Escapade dans l’Orne (14 et 15 avril 2026)

 Mardi 14 avril nous avons rendez-vous devant l’église Ste Jeanne de Chantal Porte de St Cloud à 08h00. Nous y retrouvons notre car conduit par Arnaud que certains d’entre vous connaissent.

Premier jour

        Nous prenons la direction de Camembert (180 km), petit village du Pays d’Auge de 168 habitants.

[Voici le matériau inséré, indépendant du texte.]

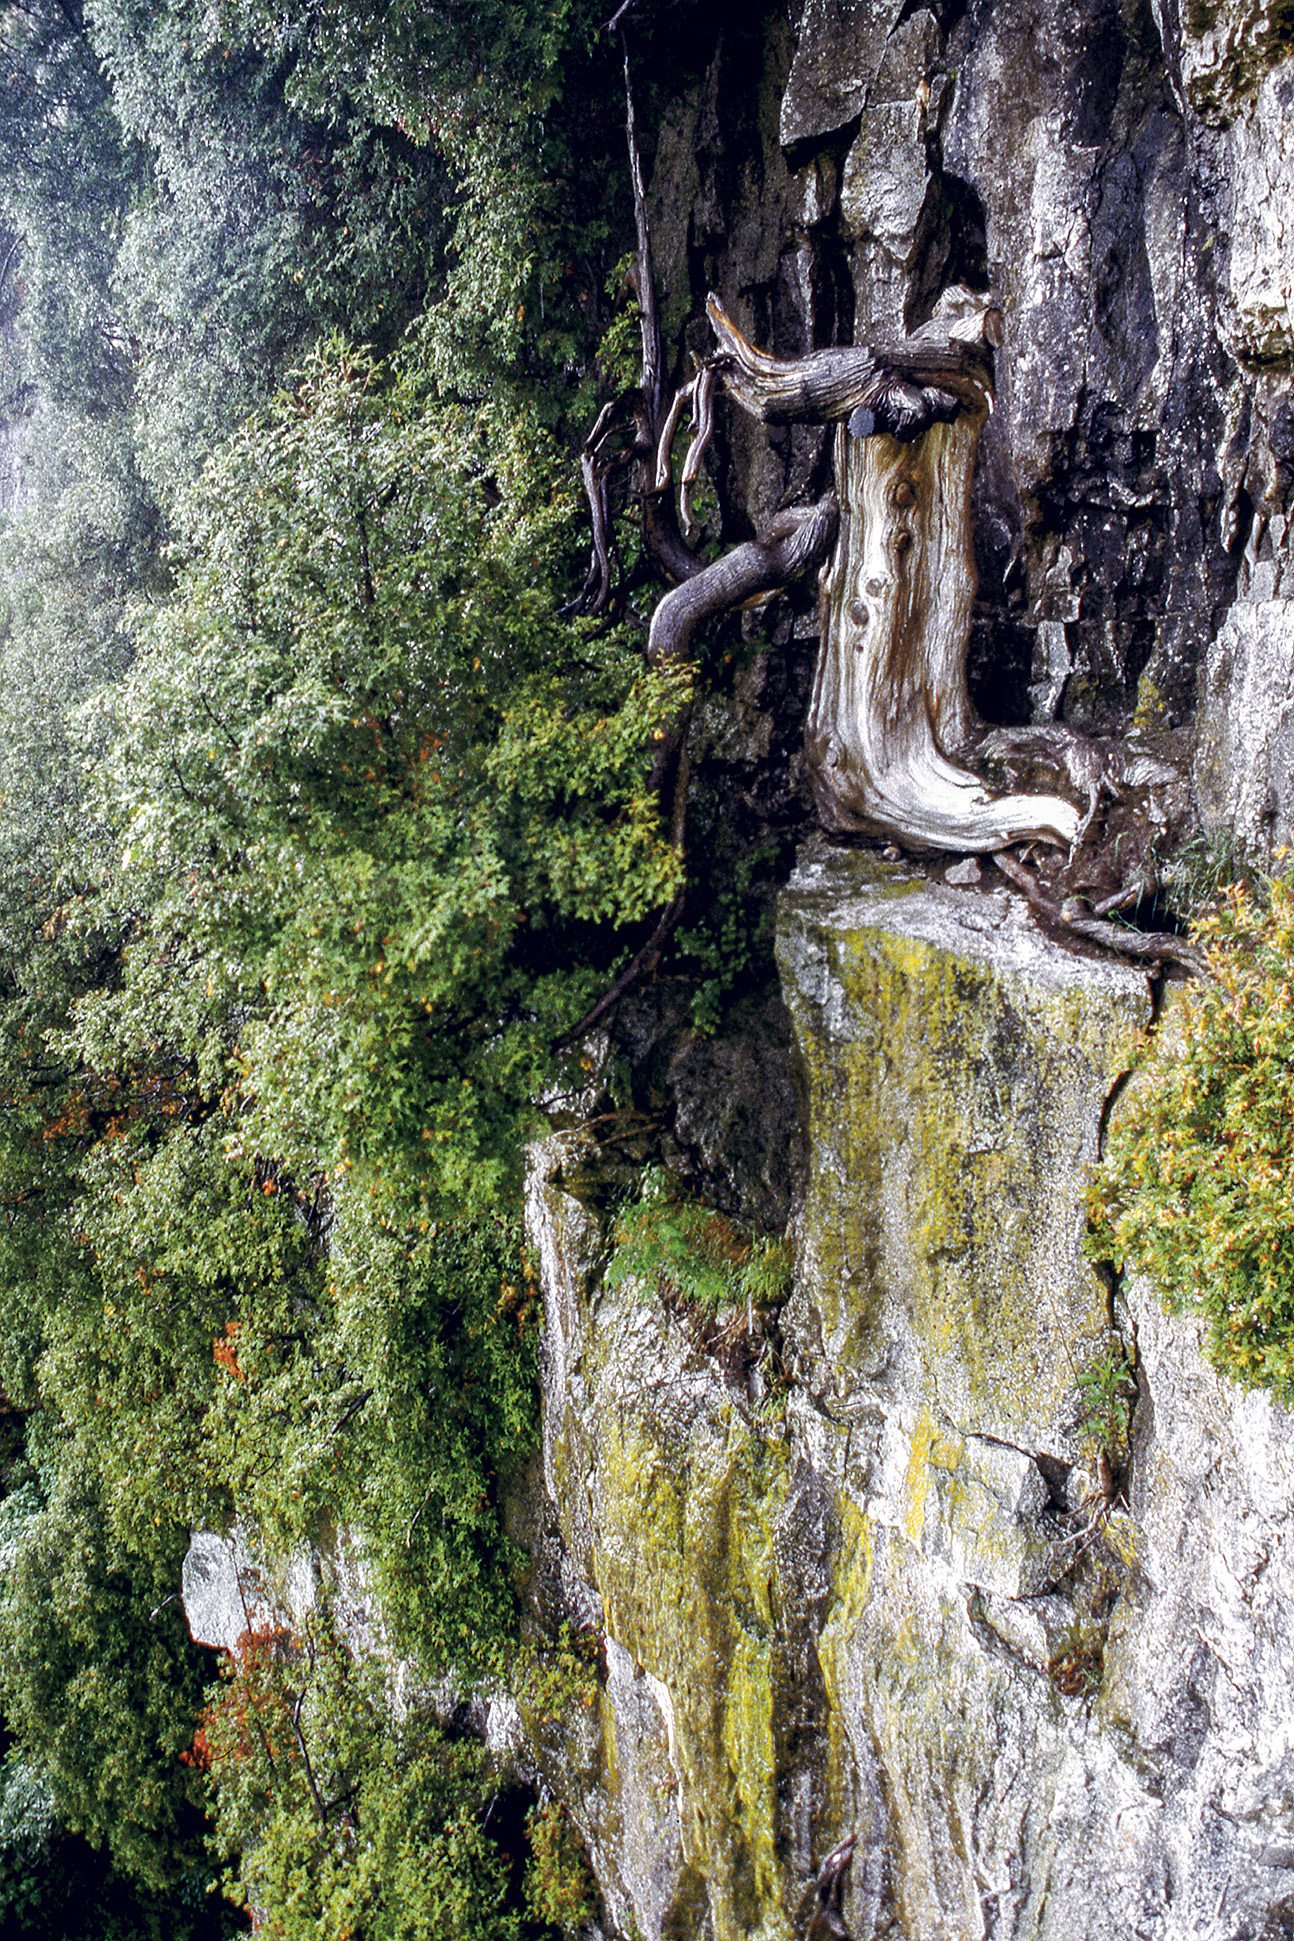 One of the oldest eastern white cedars on the cliffs of the Niagara Escarpment. This tree germinated in the year 1134, making it 883 years old today. Climbers likely trimmed the branches on its northern side to make way for a climbing route in 1992. At the time of the photograph, two living branches on the south side of the tree were keeping it alive, though scientists haven't been back to survey whether it survives today. [Photo] Peter Kelly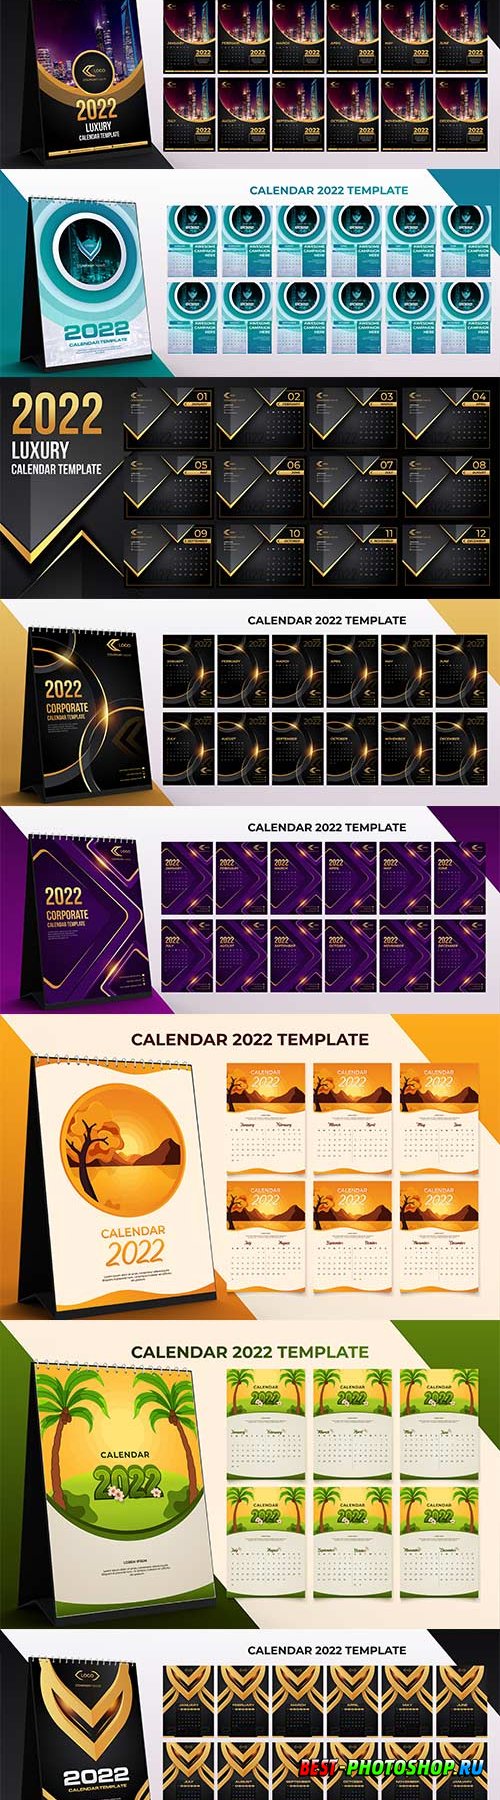 2022 desk calendar corporate template set of 12 months with black gold color background premium vector

Il est le berceau du célèbre fromage inventé par Marie Harel en 1791, AOC depuis 1983 et  AOP (Camembert de Normandie) depuis 1996.

Nous visitons le musée du Camembert qui retrace toutes les étapes de la fabrication et qui propose une riche collection de machines et de boites françaises et étrangères (!).

A la fromagerie Beaumoncel, nous pouvons voir les ouvriers à l’œuvre.

Ensuite nous sommes accueillis à la maison du Camembert pour une dégustation de 3 fromages à différents niveaux d’affinage, accompagnée par un verre de cidre normand.

Un passage à la boutique a permis de faire des achats de divers produits et de constater par la suite que la soute du car était étanche aux odeurs !

        Nous reprenons la route pour un court trajet (5 km) jusqu’à Vimoutiers. 

S’y trouve une statue de Marie Harel décapitée lors des bombardements américains de 1944. Sur la place de l’Hôtel de Ville se tient une nouvelle statue offerte par les ouvriers d’une fromagerie américaine en 1953, en excuse des dégâts de 1944.

Nous déjeunons au « Soleil d’Or » qui nous accueille avec une pancarte de bienvenue sur le trottoir. 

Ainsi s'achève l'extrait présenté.